Tag Archive | "People’s Party for Freedom and Democracy"

VVD-leader Mark Rutte campaigning in Amsterdam...

Can Geert Windlers survive multiple scandals?

VVD-leader Mark Rutte campaigning in Amsterdam...

VVD-leader Mark Rutte campaigning in Amsterdam during the local elections Wikipedia

THE HAGUE, NetherlandsGeert Wilders, who built his popularity on his maverick image, has been hit with a series of embarrassments from other mavericks in his own party who are accused of misconduct or violent behaviour before becoming freshman lawmakers.

The scandals swirling around Wilders’ Freedom Party highlight the fragility of the new minority coalition government, led by Prime Minister Mark Rutte, who needs the support of each one of Wilders’ parliament seats to stay in power in the Netherlands.

In the latest incident, a member of Wilders’ Freedom Party quit parliament Thursday amid reports he had hit an athlete with a spiked running shoe years ago and that a company he was involved with was fined for misleading consumers.

James Sharpe said he was quitting to spare his family from the intense scrutiny that members of Wilders’ party are being subjected to in the media.

He will be replaced by another party member after handing back his seat to Wilders, whose popularity is based largely on his tough anti-Islam rhetoric.

Last weekend, another Freedom Party legislator, Eric Lucassen, came under fire after reporters dug up a 2002 conviction for engaging in sexual relations with a subordinate when he was in the army.
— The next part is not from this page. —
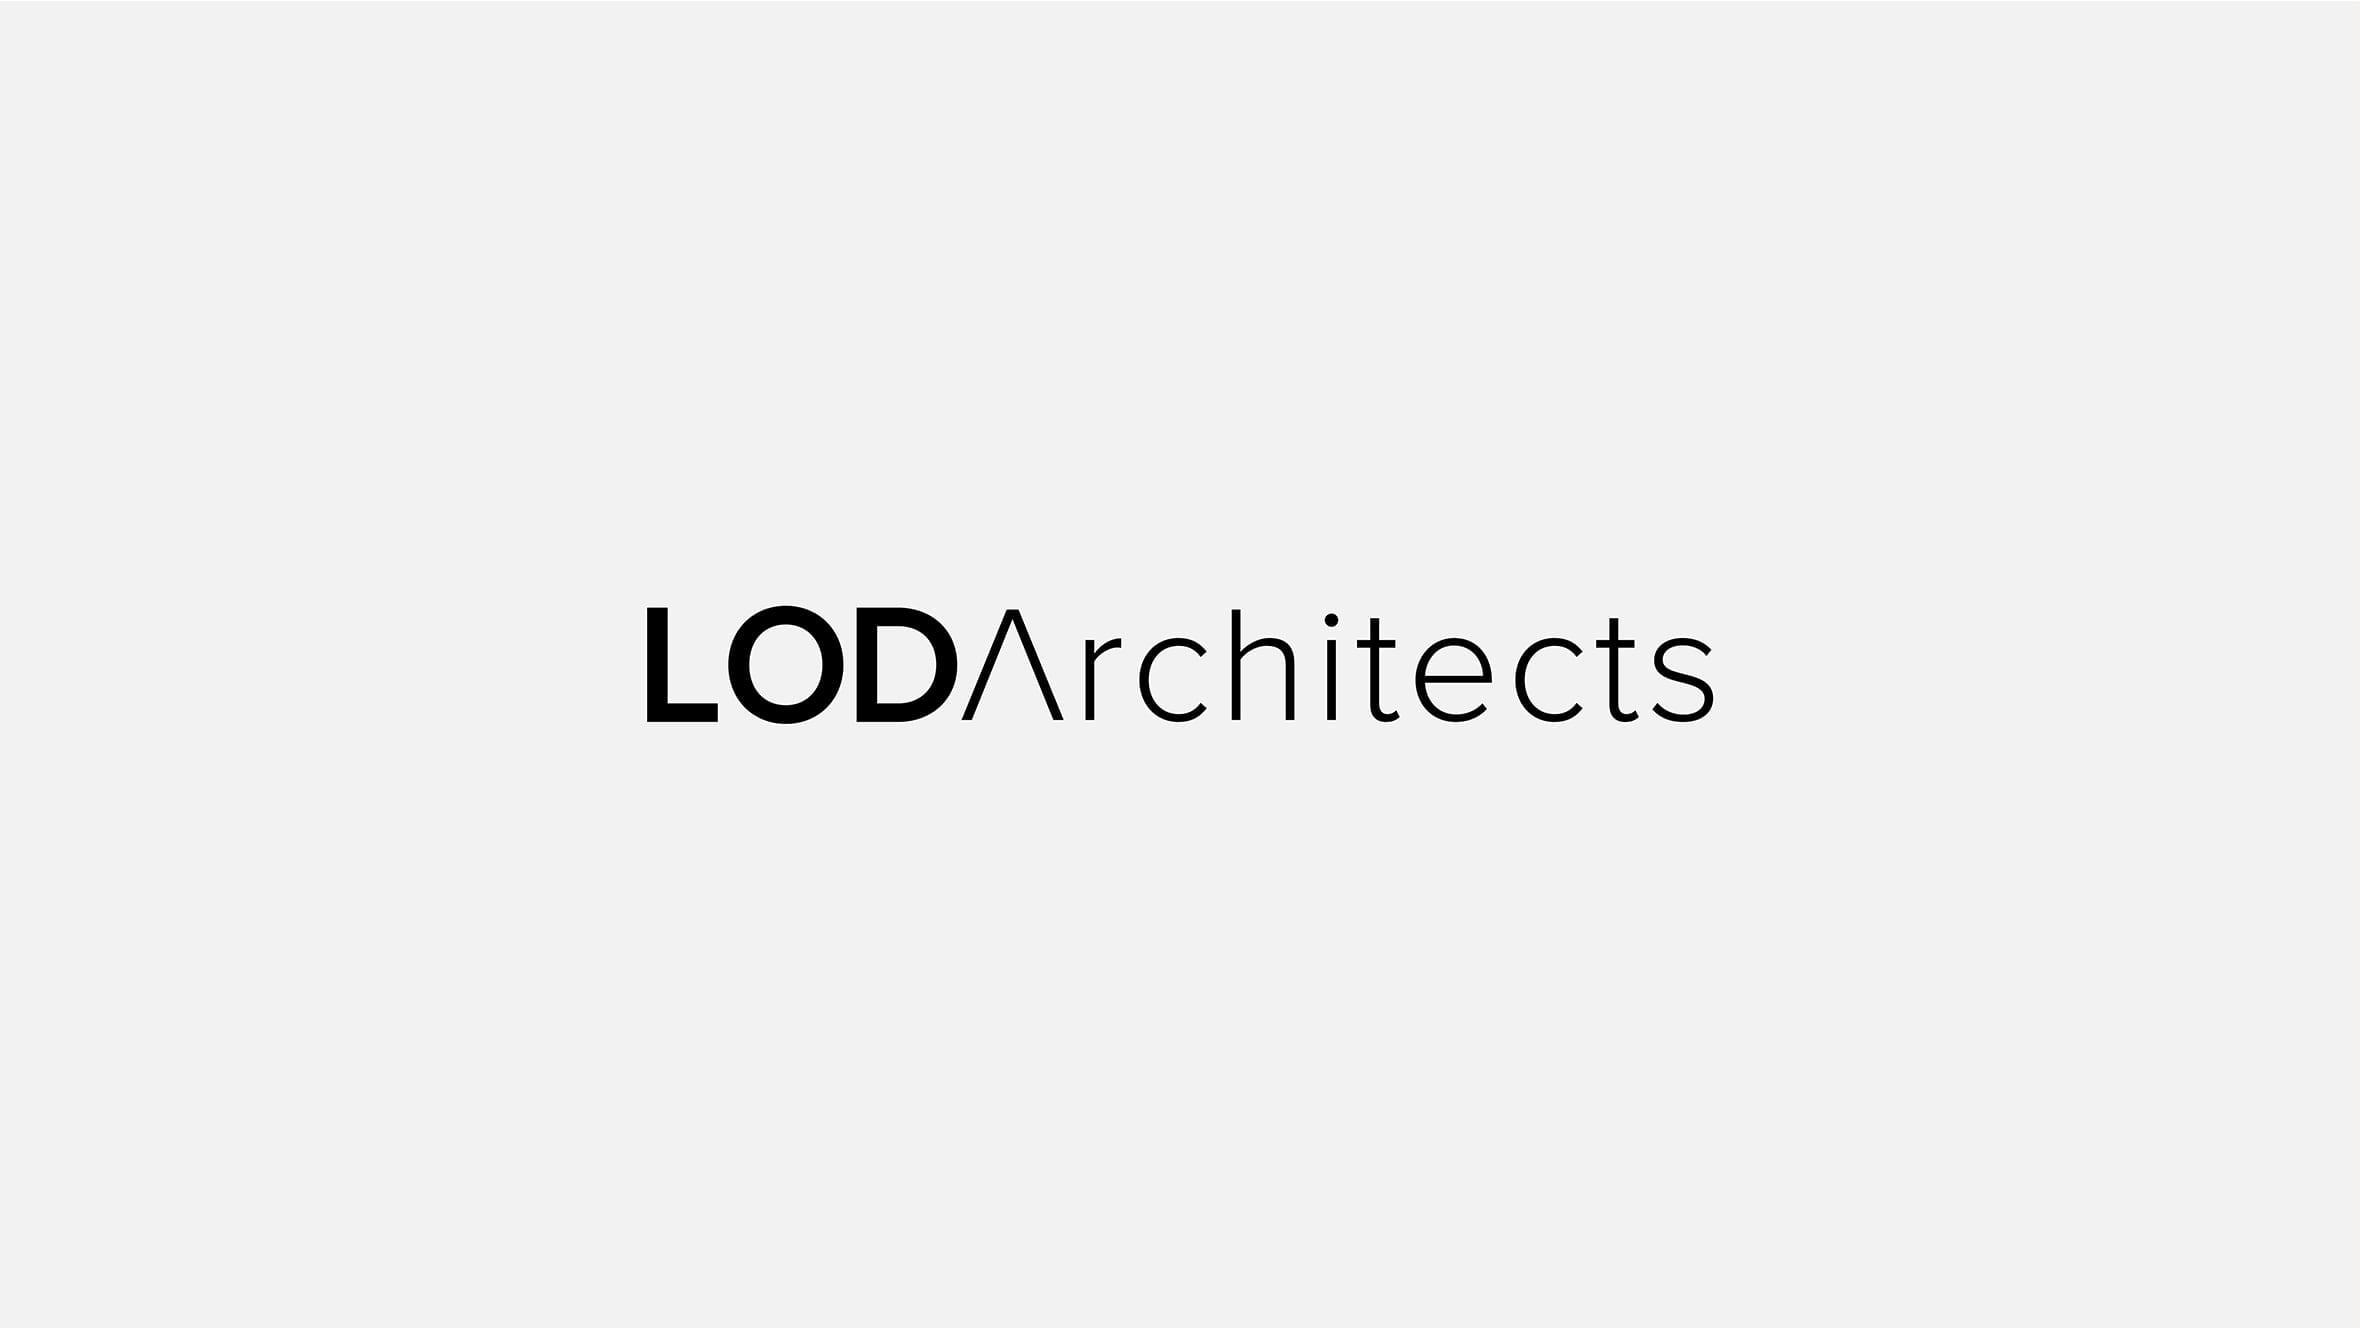 LOD Architects Brand Strategy

He also was twice fined for public order offences and harassing his neighbours.

On Monday, Wilders refused to fire Lucassen after Lucassen refused to relinquish his seat if he were forced to leave the party.

In one of the most significant setbacks to his meteoric rise in popularity, Wilders was forced to apologize to parliament and to his voters this week for the Lucassen scandal.

Another of Wilders’ lawmakers has conceded lying on his resume about having been a primary school principal.

Wilders has run into trouble with his hand-picked parliament members because, unlike traditional Dutch parties with deep roots, the Freedom Party is new and lacks a national organization capable of screening parliamentary candidates. It is essentially a one-man show.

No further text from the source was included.